Though an only child, I never was prone to tantrums or otherwise manipulating my parents as to get my way. Our relationship was based on rational discussion—an explanation as to why I couldn’t or shouldn’t do something generally was enough to curb any of my bad behavior. I had never really expected to have the ring. It wasn’t practical. But that meant that it wasn’t practical for anyone else to have the ring either, so it should stay in the department store’s glass case and allow me to visit it forever and ever and ever.

My mother, standing quietly beside me, slowly reached into her purse and removed her wallet. Her fingers sorted through a few small slips of paper before selecting one and wordlessly offering it to me to inspect, a smile upon her face.

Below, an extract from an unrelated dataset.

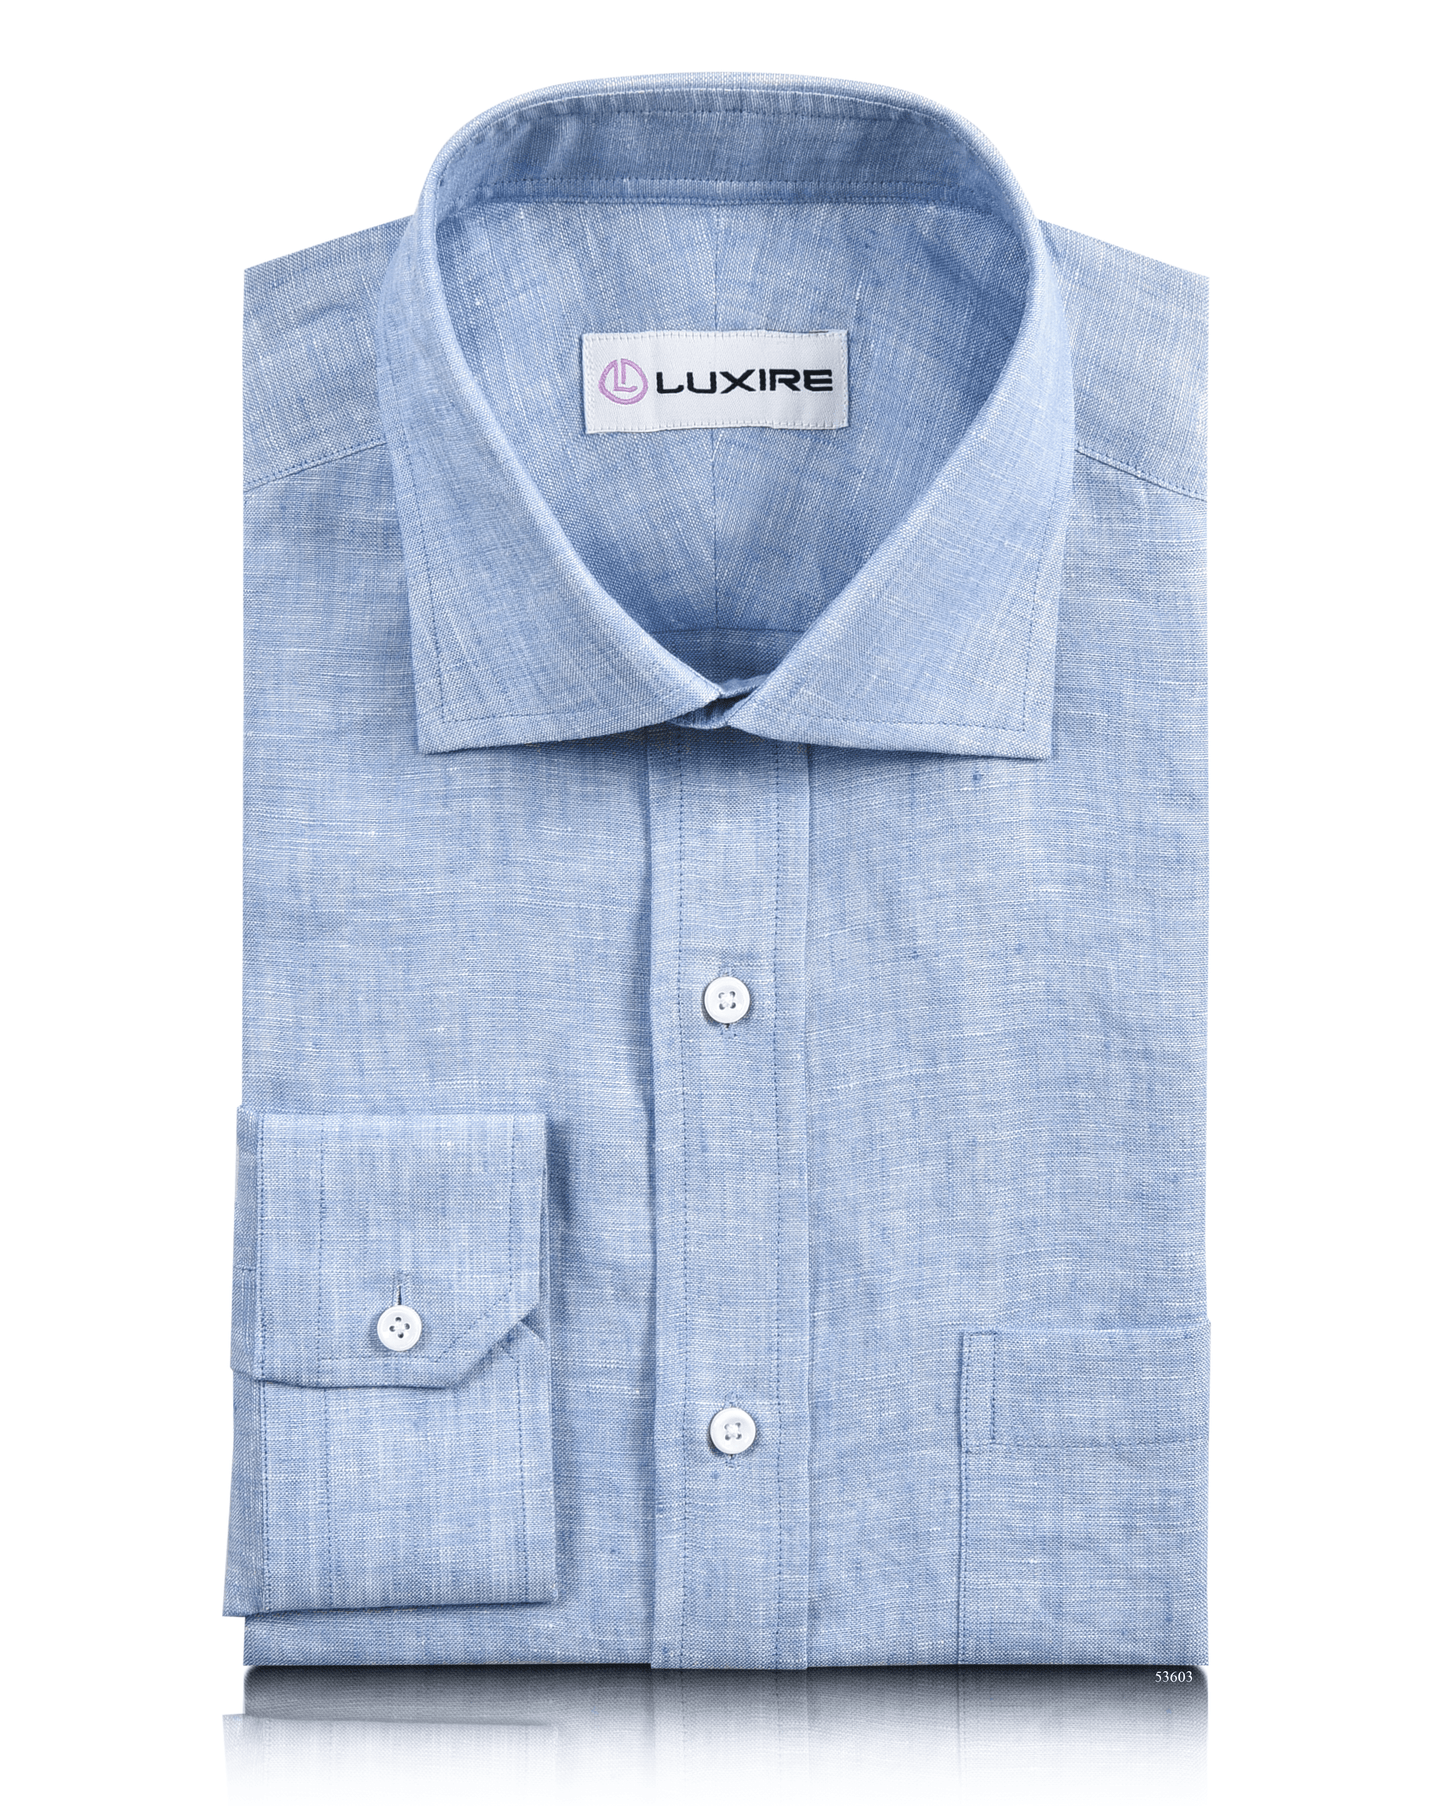 Front of the custom linen shirt for men in light blue chambray by Luxire Clothing
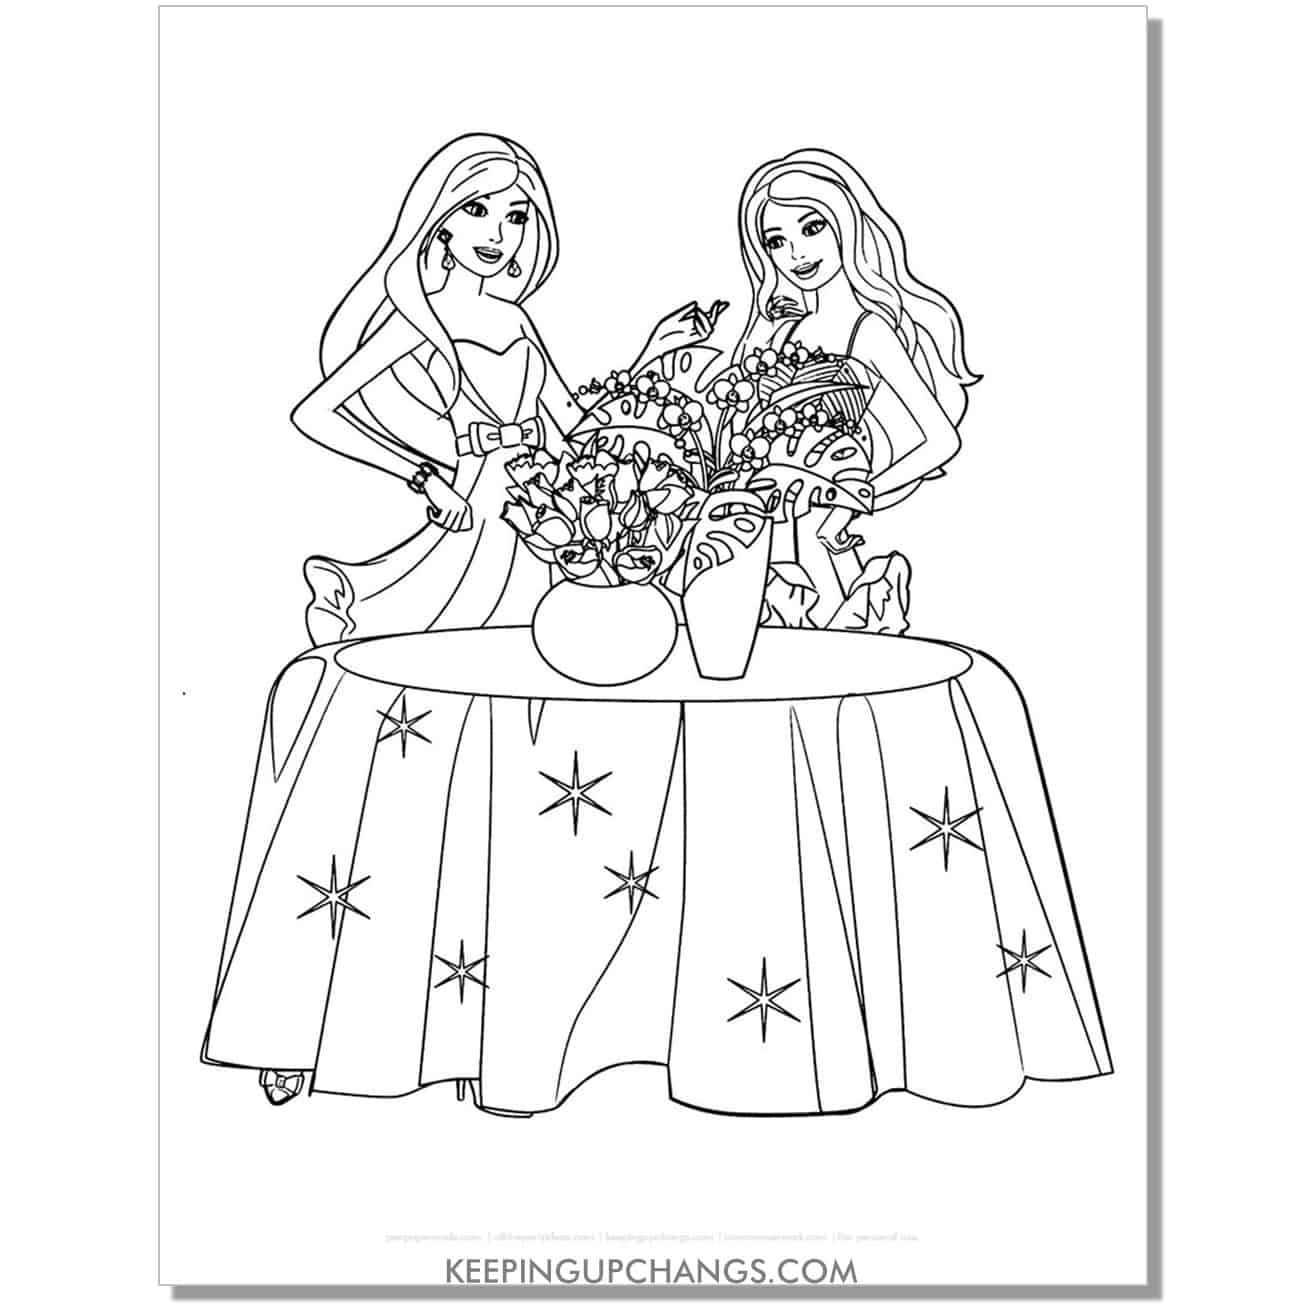 barbie with friend admiring floral centerpiece coloring page.

I looked at what obviously was a receipt for what I recognized to be the amount of the ring, but nothing about the receipt made sense to me. Why would my mother have someone else’s receipt?

I blinked. I cocked my head. I furrowed my brow. I looked at my mother. “You have to promise to act surprised,” she said.

Incredulous, I clutched the receipt and hop-skipped in the direction of a rack of men’s clothing, spun back around, and beamed at my mother. “Really?” I asked. “Really really?” She smiled mischievously. “Really,” she said.

More than 20 years later, I still have the ring. The opal—a notoriously fragile stone—is slightly chipped on one of its marquis points, and my fingers are no longer as tiny as they once were, but the ring nonetheless is still special to me.

This issue of Smoky Mountain Living is dedicated to adornment. Our stories share the lives of musicians and artists from various walks of life, each bringing his or her creativity to the world. As the ancient Greek philosopher Epicetus once said, “Know, first, who you are, and then adorn yourself accordingly.” Perhaps after reading this edition, you too will find the adornment that speaks to your soul.